On June 15th, 2018 B.C.’s Superintendent of Real Estate introduced a new rule that concerns real estate transactions.. You may have heard chatter about the new ban on limited dual agency as it has a significant impact on the way real estate agents are allowed to serve clients.
Now that this new rule has been in effect for six months, we would like to take a moment to explain the change and explore outcomes so far.
What is limited dual agency?
Limited dual agency, as it relates to real estate transactions, is when a real estate agent works with both the buyer and the seller in a real estate transaction, but in a limited capacity and with both parties providing written informed consent.
Why was limited dual agency banned in British Columbia?
Despite the fact that limited dual agency is a valid legal instrument that is used outside of real estate and existing regulations already required consumers to consent, in writing and in advance, to limited dual agency, the practice was banned in an effort to protect consumers.
A ban on limited dual agency may do the opposite of what the government intends.
The driving influence behind the decision was the notion that real estate agents may not be able to represent more than one party to a transaction in a unbiased way. Why is it reasonable for other service providers, such as lawyers, to use this legal instrument with consumers, but not real estate agents? ‘Informed consent’ works elsewhere… why not with real estate? Incidentally, B.C. is the only province in Canada that bans the practice of limited dual agency as it pertains to real estate transactions.
How does the ban on limited dual agency affect consumers?
The ban, in effect, limits consumer choice. It limits their freedom to work with a real estate agent of their choosing and while the practice was not commonplace in residential transactions, there were certain instances where limited dual agency made sense.
One such instance was when a potential buyer opted to deal with the listing REALTOR® rather than engage another REALTOR®, because it was convenient, the property required specialized knowledge or for other reasons. Now, this practice is no longer acceptable.

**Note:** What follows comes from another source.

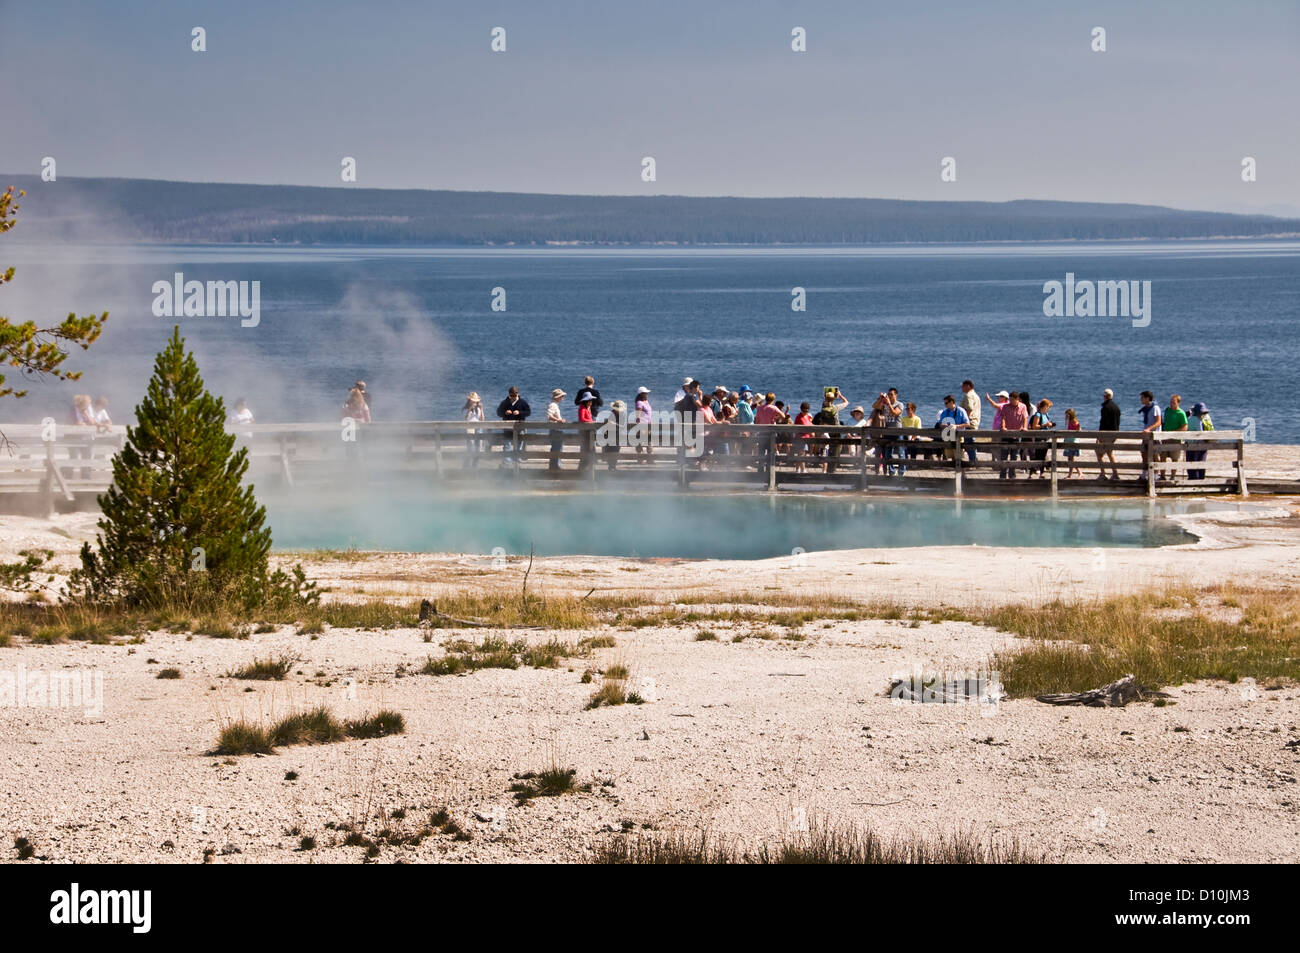 Les touristes l'observation d'un printemps très chaud - West Thumb geyser basin, le Lac Yellowstone, le parc national de Yellowstone, Wyoming, USA Banque D'Images

Another instance was when a consumer learned that their REALTOR® had listed a property and the consumer wished to work with that same REALTOR® on purchasing the property because the consumer liked and trusted their REALTOR®. This practice is no longer allowed.
Yet another instance concerned rural areas, where few REALTORS® practice and where more properties, like acreages and farms, have unique issues that require special knowledge, such as acceptable land use, water supply or otherwise. Now, the practice is no longer permissible, except in a very narrow set of circumstances.
A further instance concerns commercial property transactions, where inherent complexities and specialized knowledge about the property for sale resulted in limited dual agency becoming quite commonplace. Now, the practice is no longer permitted.
A ban on limited dual agency may do the opposite of what the government intends: it may place consumers at greater risk. For example, consumers may be forced to find another agent to work with who may be less knowledgeable about the property of interest (particularly in rural and commercial instances), heightening risk to the consumer. Or, consumers may opt to go it alone, rather than work with someone other than their preferred agent, heightening personal risk of error or omission in an increasingly complex and litigious environment.
On the surface, a ban on limited dual agency as it relates to real estate transactions, might seem like a good thing. But, closer examination reveals that such a ban may result in unintended consequences that limit consumer choice and potentially place consumers at risk.